Indeed, among the dozens of photos of young Barry from his childhood, it is impossible to find one where he is not smiling broadly. Stan’s boss’s daughter, Cindy Pratt Holtz, remembers Stanley bringing Barry with him to the Pratt furniture warehouse. Young Obama was “so full of life, a twinkle in the eye, giggling all the time.” In the fall of 1966, five-year-old Barry began kindergarten at nearby Noelani Elementary School, and Aimee Yatsushiro, one of his two teachers, remembers him similarly: “always smiling—had a perpetual smile.” Obama later said, “My earliest memory is running around in a backyard gathering up mangoes that had fallen in our backyard when I was five” or perhaps four. “A lot of my early memories,” he added, are “of an almost idyllic sort of early childhood in Hawaii.” 15

In the meantime, his barely twenty-one-year-old mother had found new happiness in tandem with her studies. “Lolo” Soetoro—officially Soetoro Martodihardjo, after his Javanese father’s name—first arrived in Honolulu from Yogyakarta, Indonesia, in September 1962 as a twenty-seven-year-old graduate student in geography. After his first year of classes, Soetoro spent the summer of 1963 at Northwestern University in Evanston, Illinois, and at the University of Wisconsin at Madison, but that fall he returned to UH for the final year of his two-year master’s program. He and Ann met each other sometime during those months. One mutual friend recalled that “he had a good sense of humor, and he loved to party.” Ann would later remark how attractive Lolo was in tennis shorts. “She liked brown bums,” her most outspoken friend would tell biographer Janny Scott, and by early 1964, Ann and Lolo were a public couple. Seemingly because of this new romance, on January 20, 1964, Stanley Ann Dunham Obama signed a “Libel for Divorce,” as Hawaii legal process termed the form, and five days later the complaint was officially filed in Honolulu circuit court. A copy was addressed to Barack H. Obama in Cambridge, Massachusetts.

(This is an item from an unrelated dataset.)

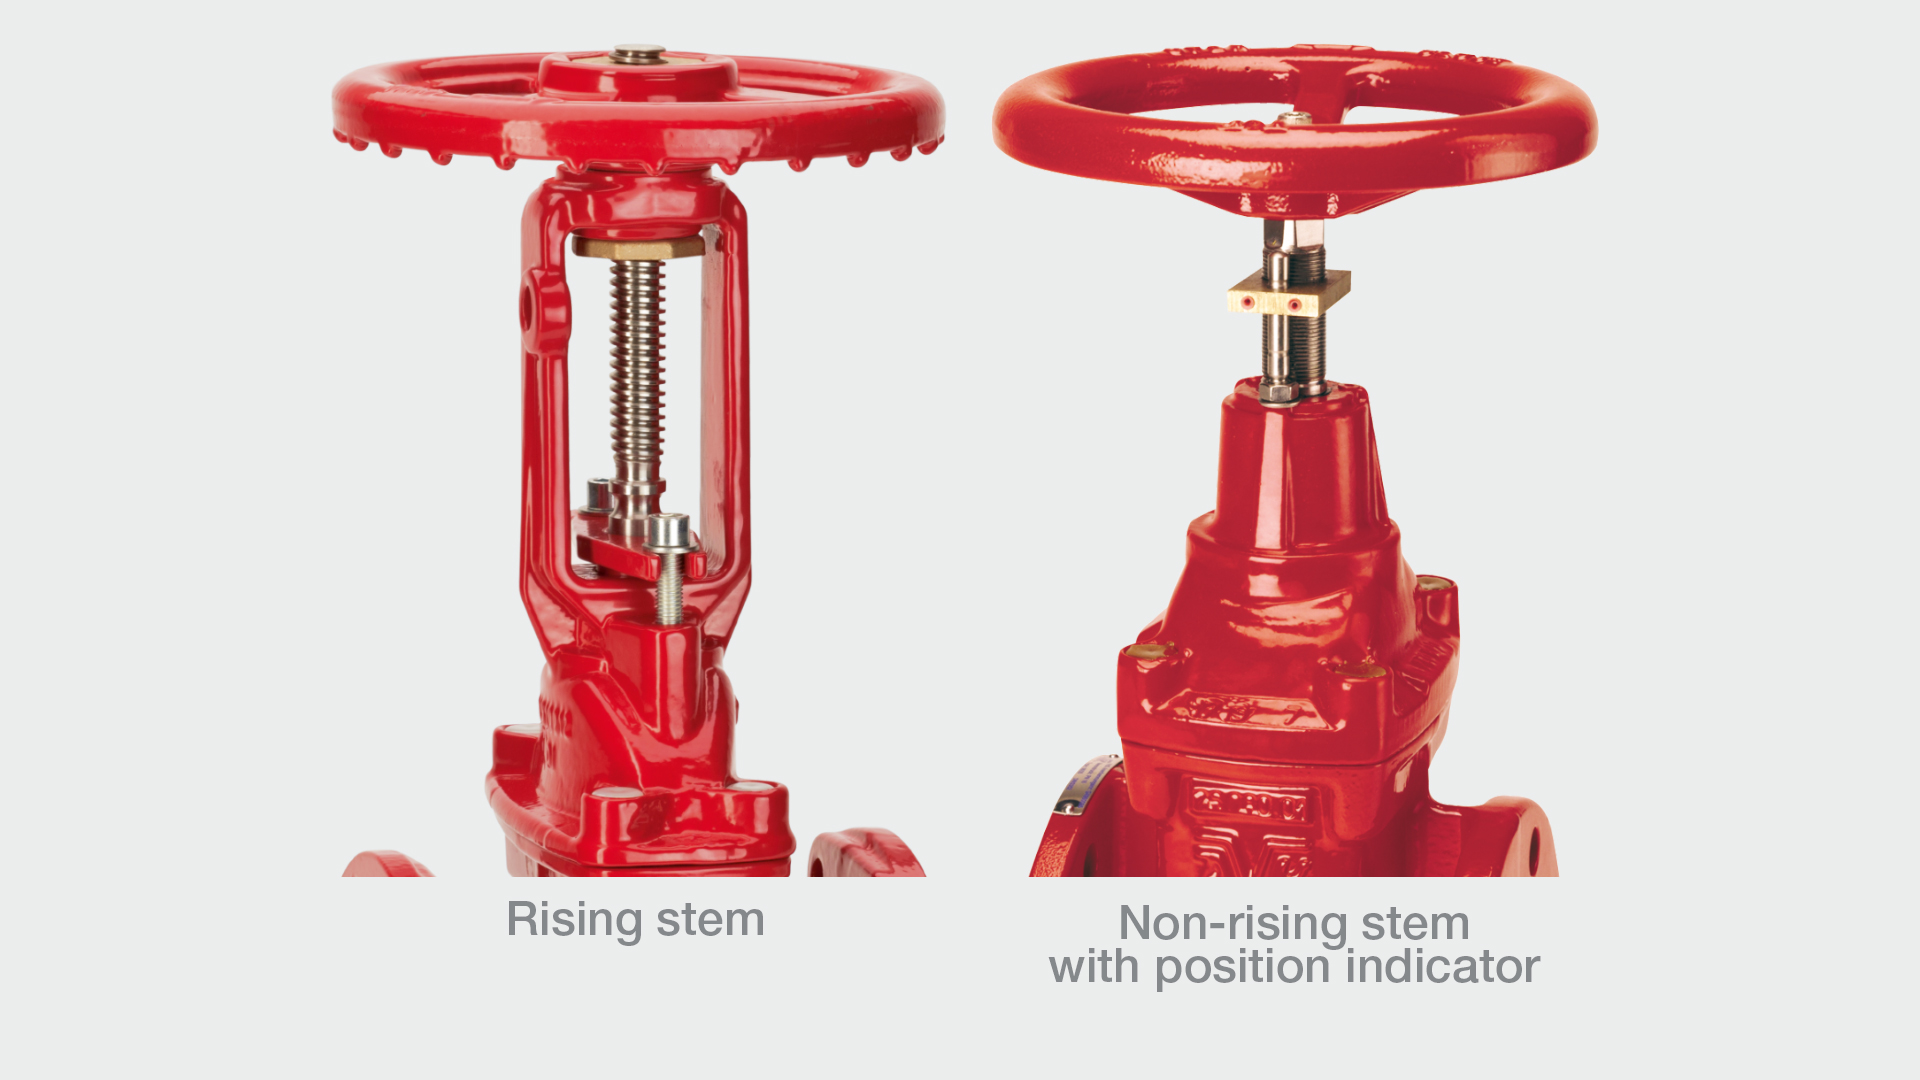 Gate valves with rising stem vs non-rising stem design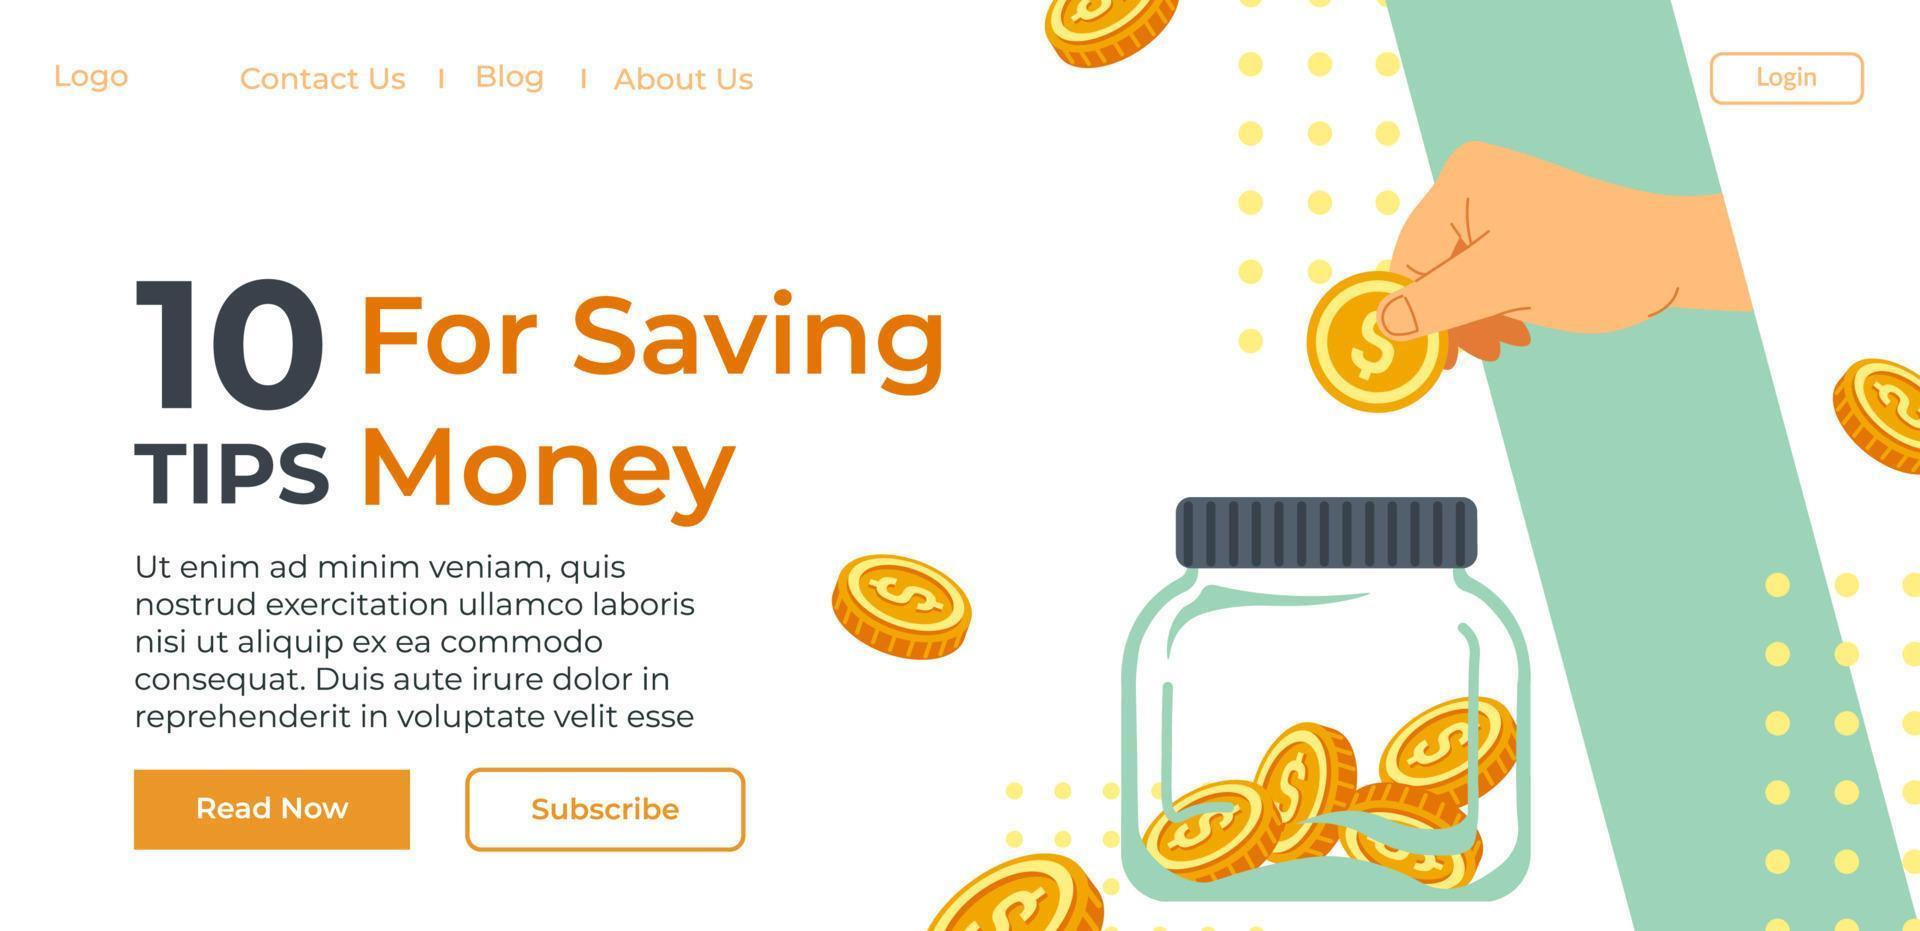 dix conseils pour économiser de l'argent, informations sur le site Web vecteur

Obama had been at Harvard for almost eighteen months. He was one of thirty-five newly admitted doctoral students in the Department of Economics, and in a December 1962 letter to a friend in Hawaii, Obama confessed that “the competition here is just maddening.” The heavy reading load made every week “pretty rough,” and while “I find Harvard a very stimulating place at least intellectually,” his focus was “my own research on the theory I am trying to build.” He added, “I will stay here at least for two years to three years depending on when I am able to finish my dissertation,” but after he received a C+ and two Bs in his first semester, Harvard refused to renew his fellowship to cover his second year of classes. Two senior economists nonetheless praised Obama’s “intelligence, initiative, and diligence,” and thanks once again to Betty Mooney Kirk and the African-American Institute, external funding allowed him to continue.